We do not have any off-balance sheet arrangements.
 
Item 3.                           Quantitative and Qualitative Disclosures about Market Risk
 
We had cash and cash equivalents of approximately $26.5 million as of March 31, 2020. The primary objectives of our investment activities are to preserve principal, provide liquidity and maximize income without significantly increasing risk. Our primary exposure to market risk relates to fluctuations in interest rates, which are affected by changes in the general level of U.S. interest rates. Given the short-term nature of our cash and cash equivalents, we believe that a sudden change in market interest rates would not be expected to have a material impact on our financial condition and/or results of operations. We do not own any derivative financial instruments.
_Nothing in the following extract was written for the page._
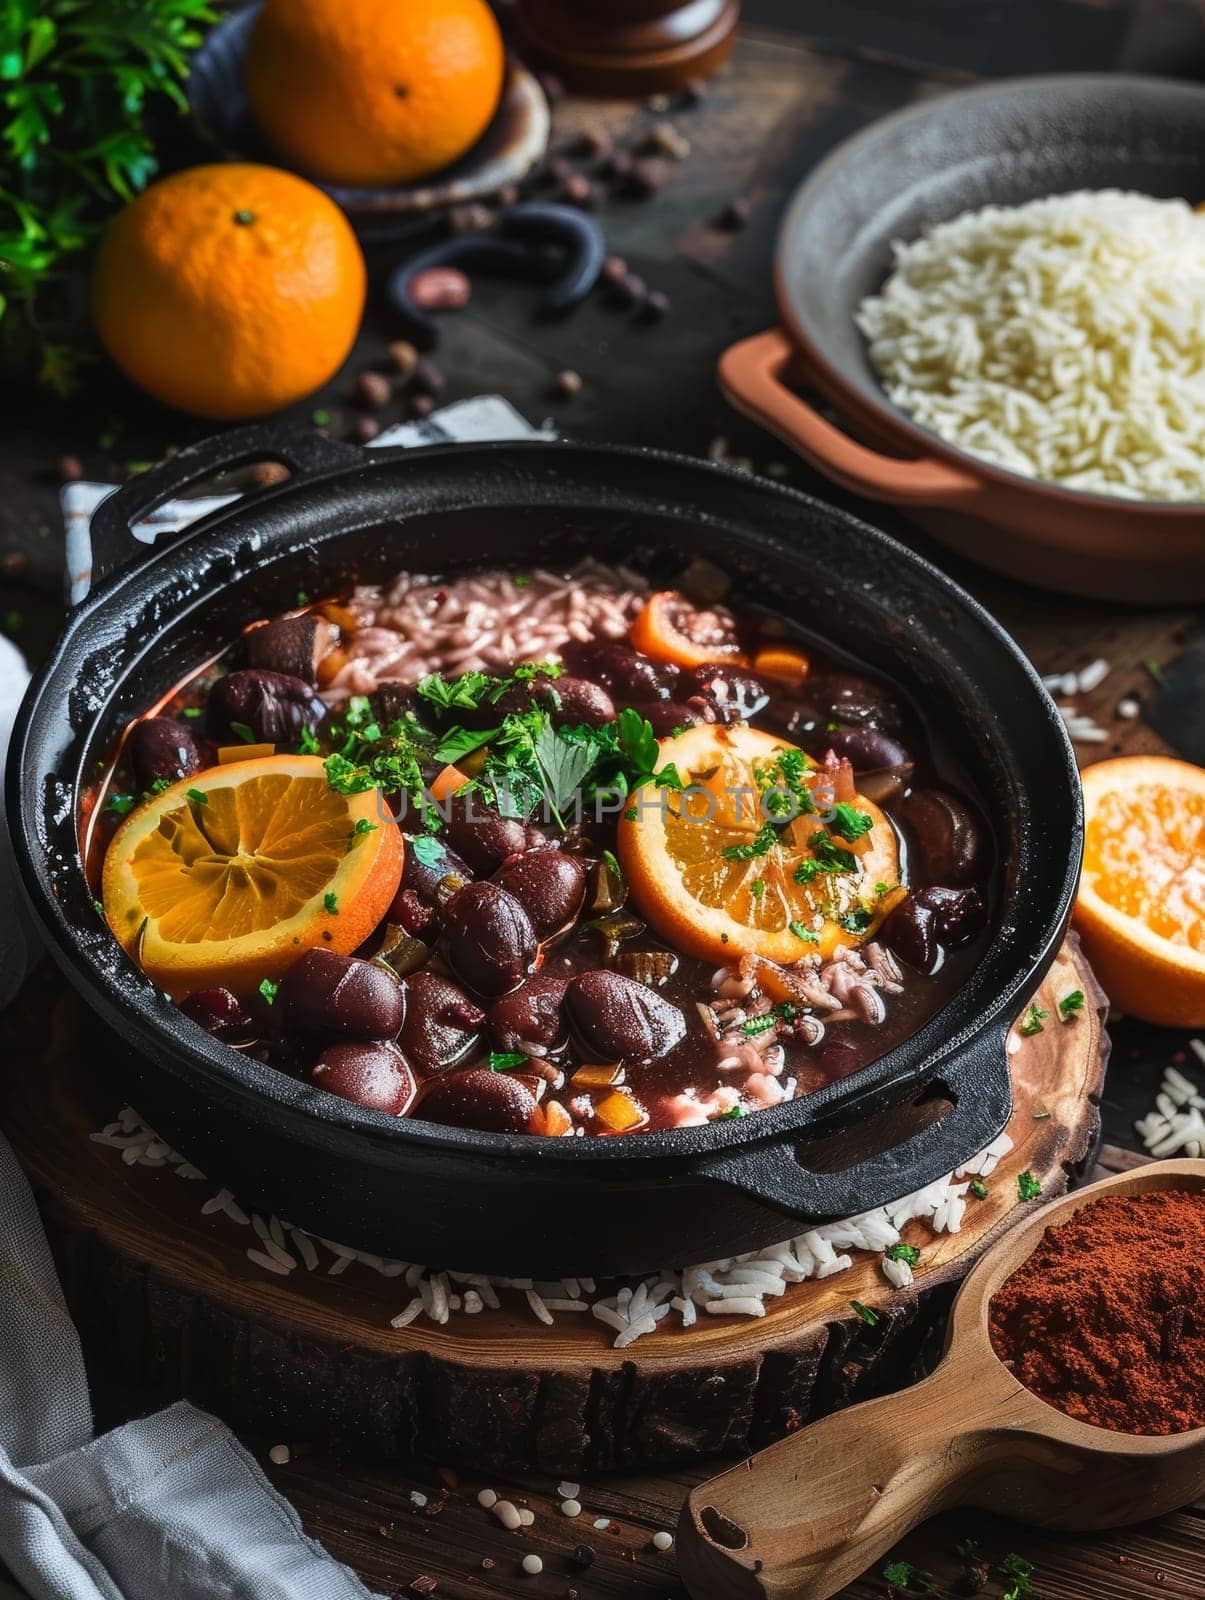 Authentic Brazilian feijoada, a traditional stew made with a variety of meats and beans, served in a cast-iron pot and accompanied by fragrant rice, refreshing oranges, and crunchy texture of farofa. by sfinks

We do not believe that our cash, cash equivalents and marketable securities have significant risk of default or illiquidity. While we believe our cash and cash equivalents do not contain excessive risk, we cannot provide absolute assurance that in the future our investments will not be subject to adverse changes in market value. In addition, we maintain significant amounts of cash, cash equivalents and marketable securities at one or more financial institutions that are in excess of federally insured limits.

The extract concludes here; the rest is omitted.